::: DATA SEGMENT :::
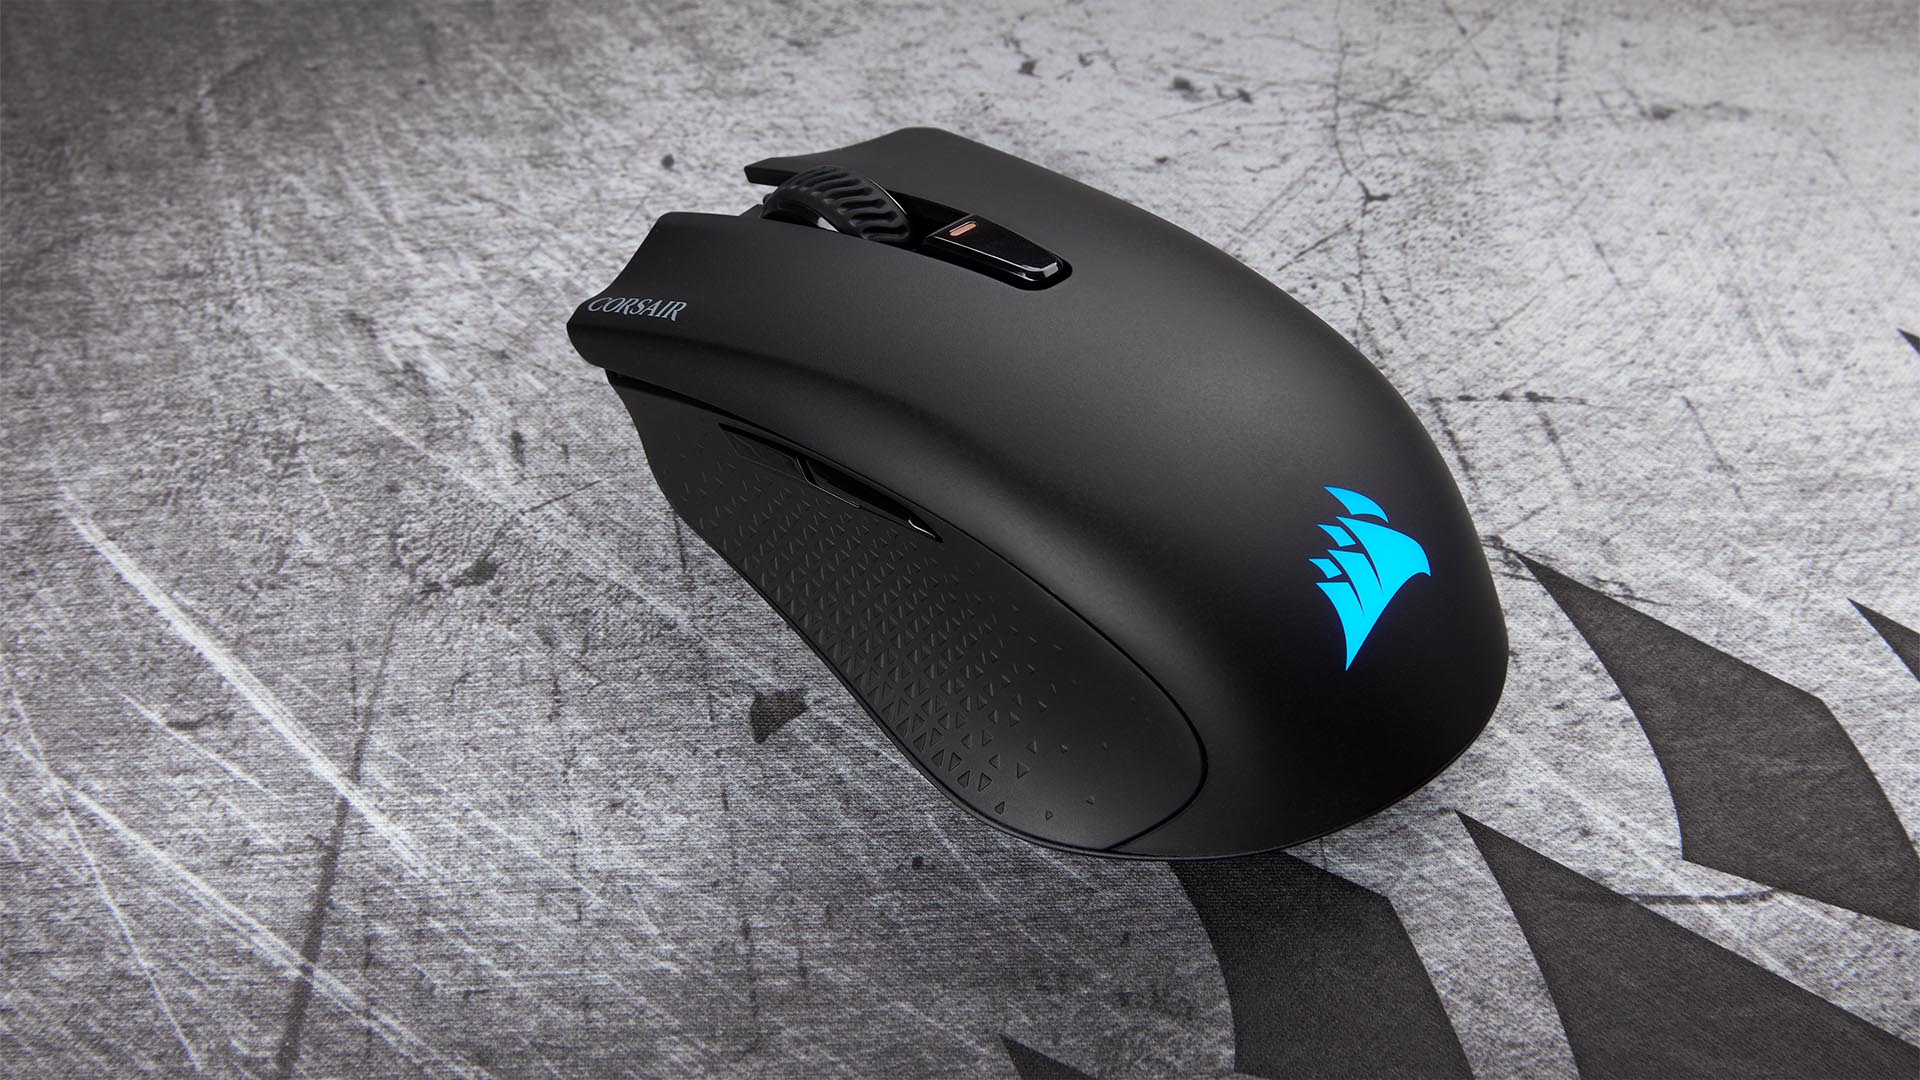 Corsair Harpoon RGB Wireless: best cheap wireless gaming mouse
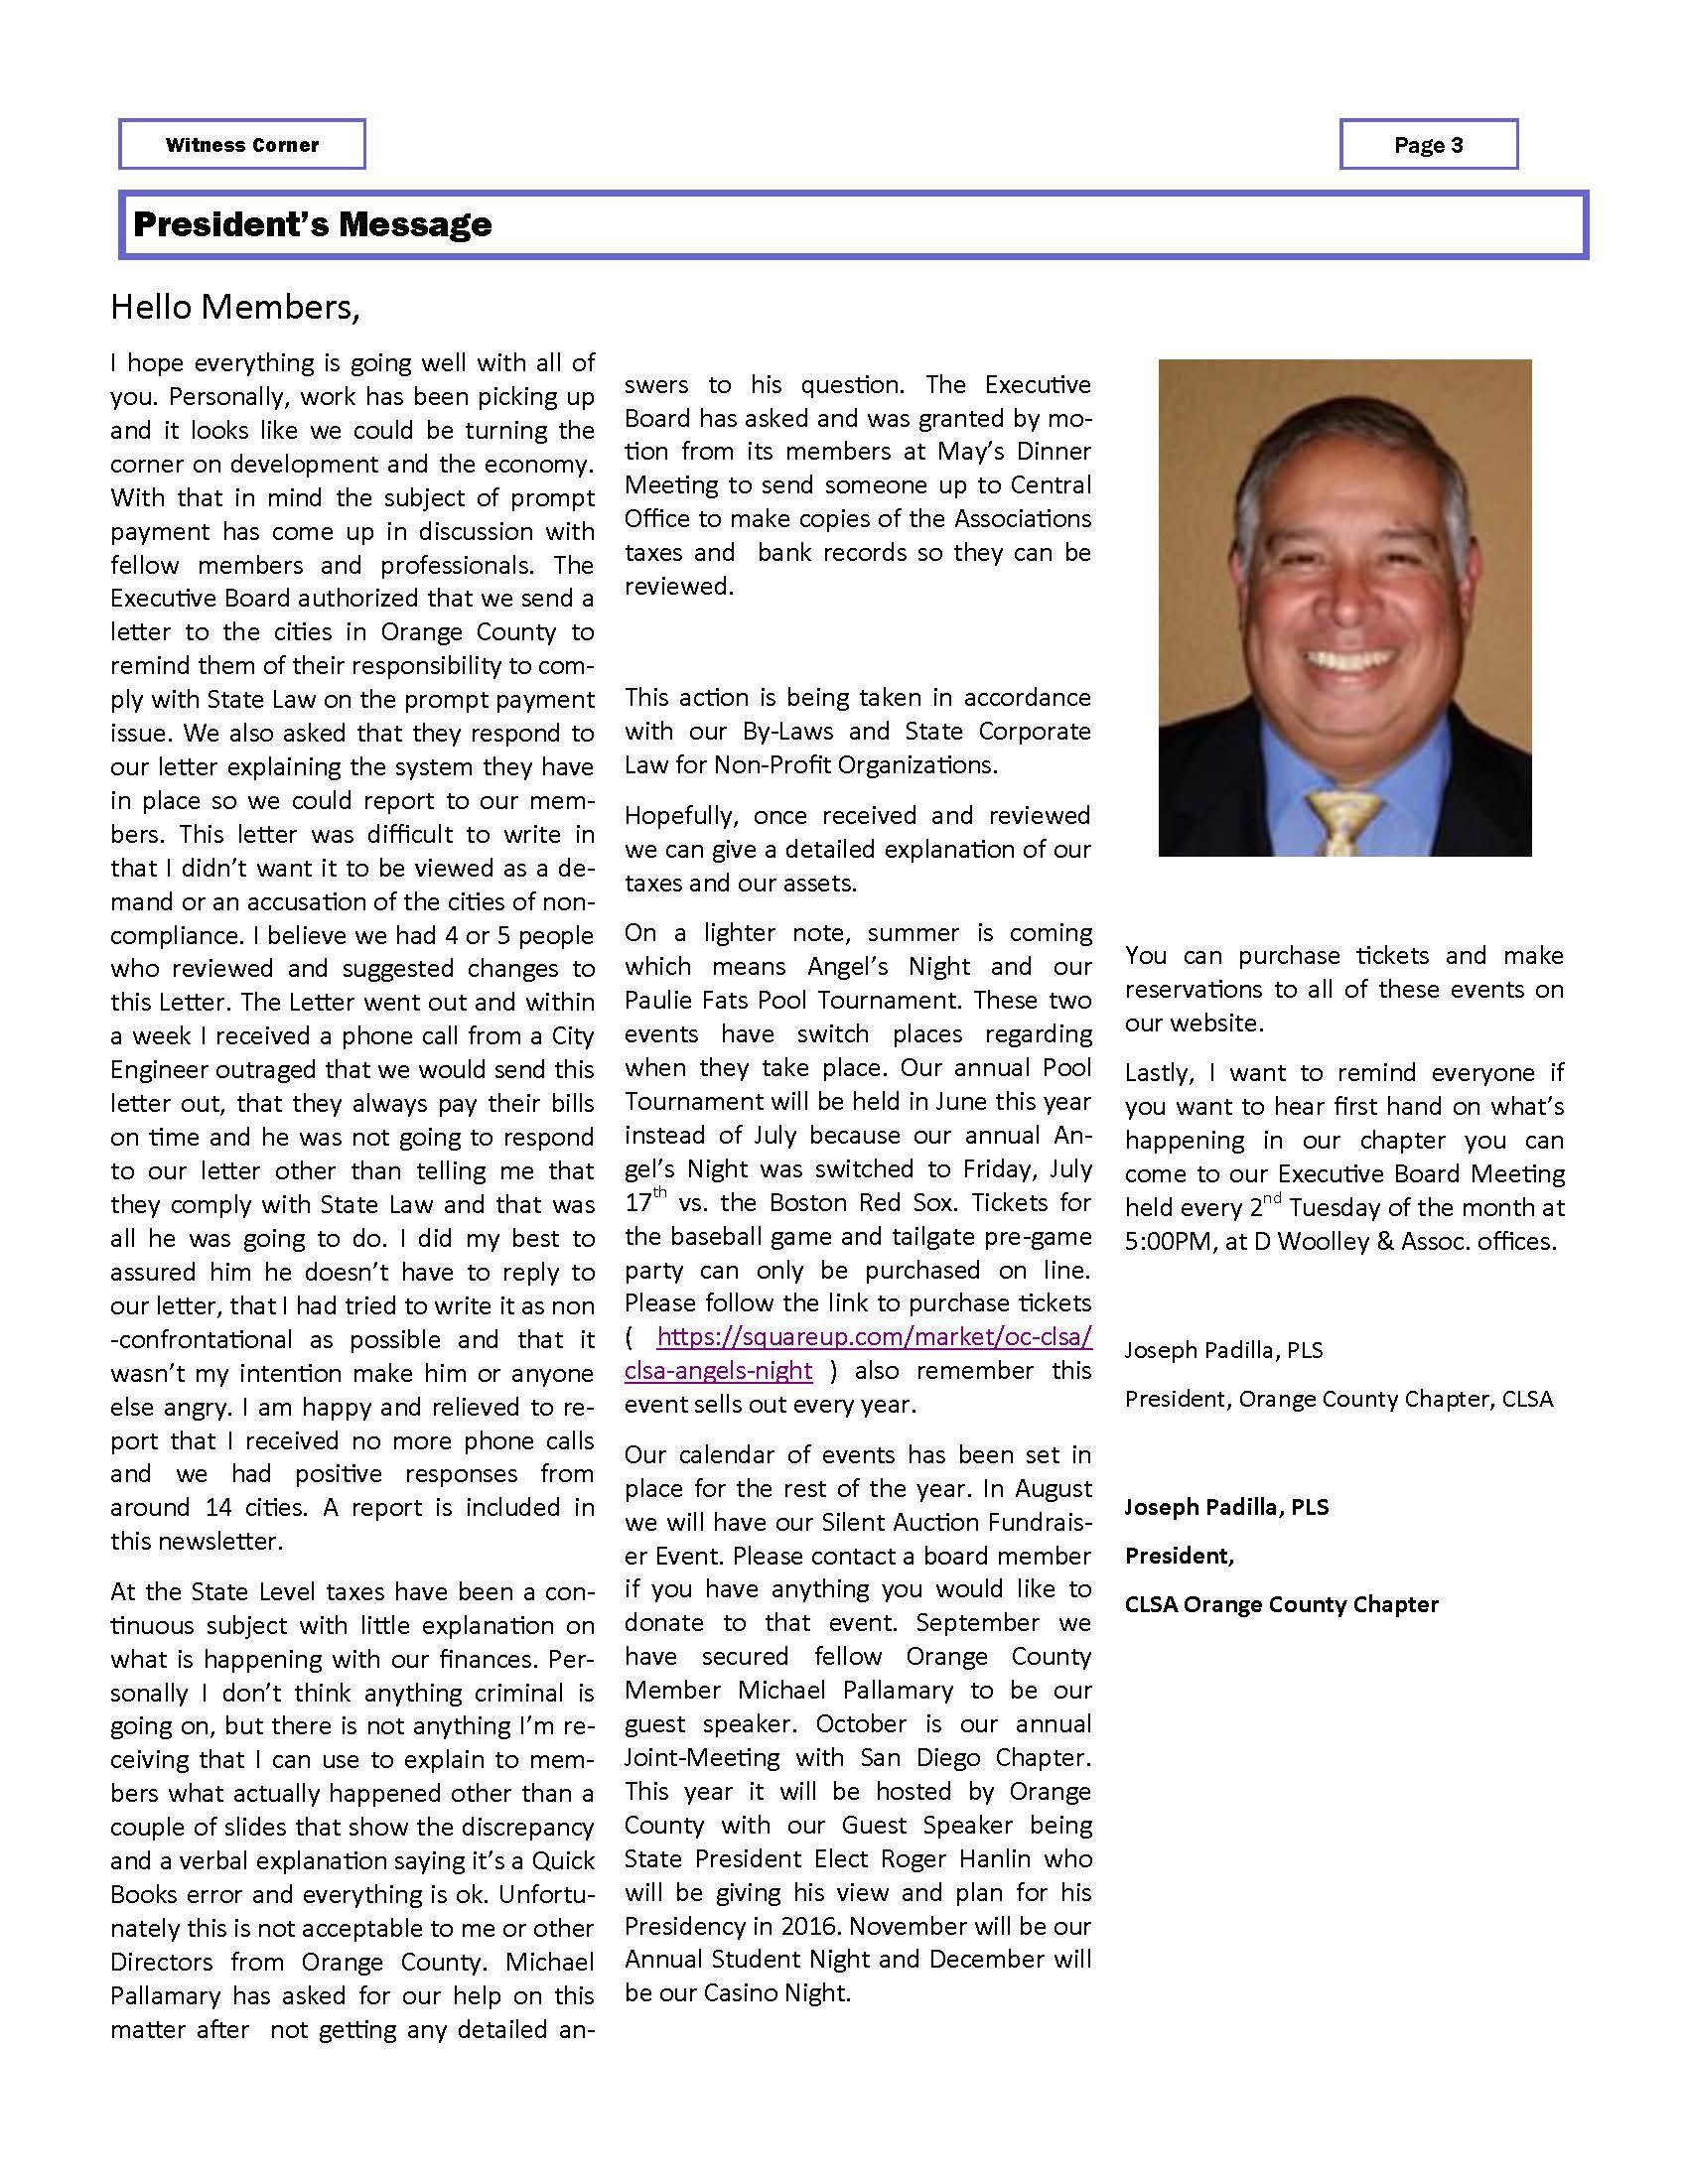 OC-CLSA 082015 Newsletter_Page_04.jpg
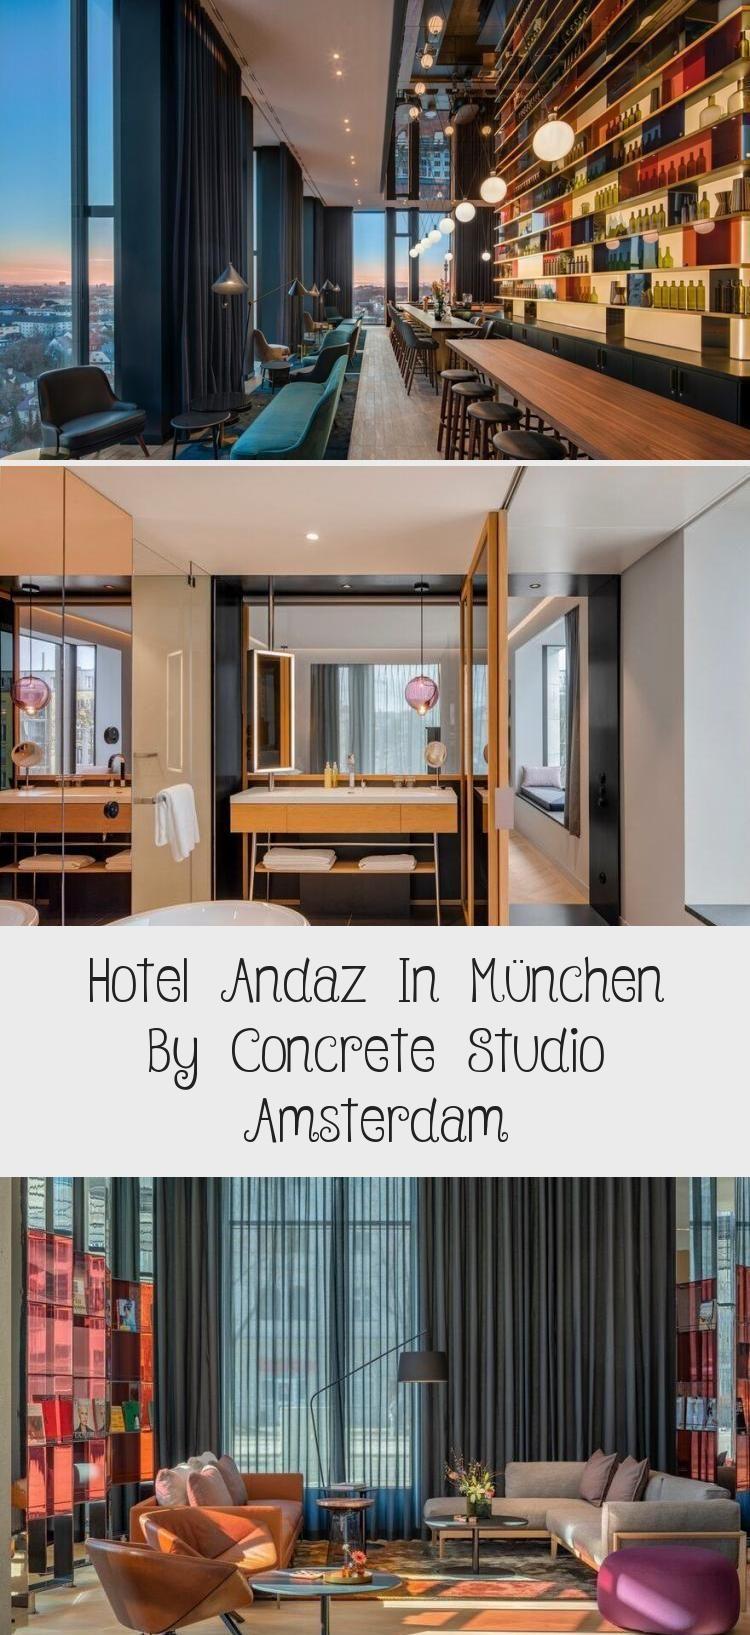 Hotel Andaz In Munchen By Concrete Studio Amsterdam Logodesignnature Bakerylogodesign Logodesignanimal In 2020 Hotel Logo Design Luxury Logo Design Logo Design Diy
:::
PROBLEM STATEMENT
Leave every image out, and retype the material exactly.

SOLUTION TO THIS PROBLEM
 Corsair Harpoon RGB Wireless: best cheap wireless gaming mouse
 OC-CLSA 082015 Newsletter_Page_04.jpg
 Hotel Andaz In Munchen By Concrete Studio Amsterdam Logodesignnature Bakerylogodesign Logodesignanimal In 2020 Hotel Logo Design Luxury Logo Design Logo Design Diy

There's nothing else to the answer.